Even on my own hot boxes,
His hacks can beat my best.
The network leads him in,
And he just does the rest.
He's got crazy Finger servers
Never will seg-fault...
That tired, squinting, blind kid
Sure makes a mean sys call!
Check out this rocking piece of nanotech.
Here is a mirror of the video if you want to check it out:
pinball_720x540_(divx).avi
Whenever the offence inspires less horror than the punishment, the rigour of penal law is obliged to give way...
About a year ago, Popular Science did an article on nanotech motors. They said that the biggest drawback of even the best Li-batteries is that no battery has even hit the 1% efficiency rating. Reasearchers hope that with these mini-engines, we may finally see power devices as small as a battery that can produce over 1% efficiency. I believe that 10% is their ultimate goal, although anything over 1% would still be worlds better than batteries. Granted, use in such devices as portable phones would actually mean that the micro engines would just be recharging the batteries, which would limit the overall efficiency to less than a 10th of a percent, but given other applications and better technology, such nano engines could replace Li-batteries in laptops and other high performance appliances. No more plugging your laptop into the wall, just go to the gas station and filler up ;) .
I came, I saw, She conquered.
It's slashtilted...
Or how about when nanotech gets smaller then 1nm, are we going to have to the change that name too?
Given that atoms are on the order of 0.1 to 0.3 nm and given the strong limitations imposed by nuclear physics (particularly the strong force), I don't think there is much risk.

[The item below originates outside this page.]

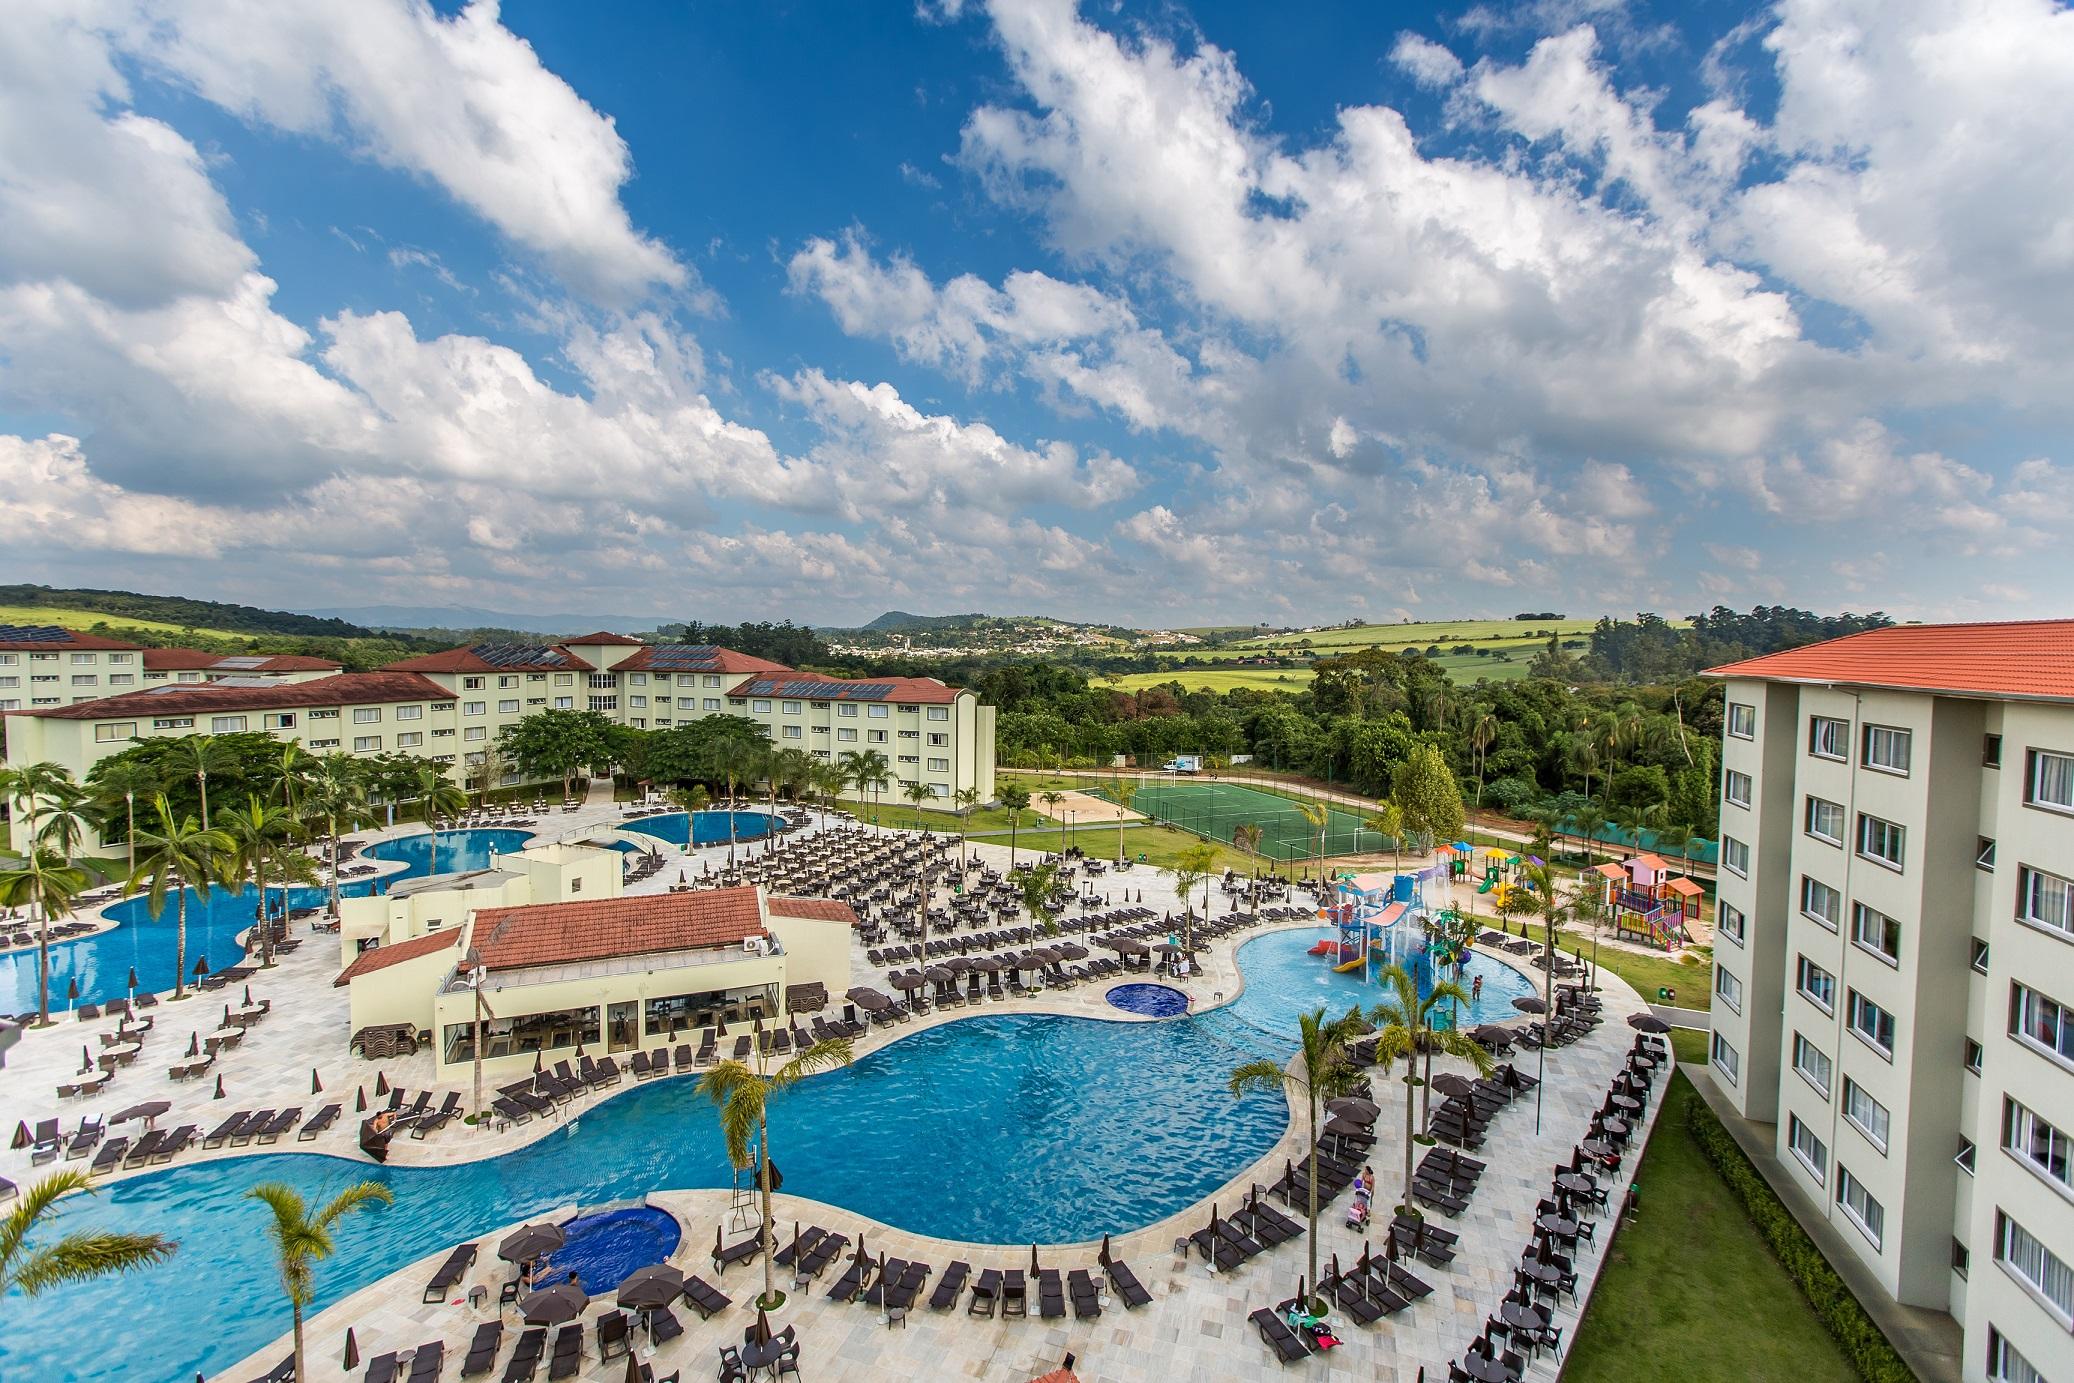 Vista piscina_Tauá Resort & Convention Atibaia

Given one hour to live, the student replied: "I'd spend it with professor FP who can make an hour seem like a lifetime."
"Lasers were once seen as the technology that would transform the world."
And they were right - they did. Not then, and not in the laser death ray way they thought back then, but now. I read a compelling article a while back (probably here) that proposed that the tech boom of the 90's was not the result of computer, the Internet or anything else. It was about lasers becomming cheap enough to be put in everything. Lasers are in millions of things. We don't even think about them - CD, DVD, fibre networks, SP/DIF..etc.
The transformations don't happen until the price point comes down. Nanotech is more like the way people think about the Internet - it starts inexspensivley from the get go (wouldn't have without those cheap lasers though). Once the first practical molecular assemblers are created (assuming they can be) it will boom very very quickly.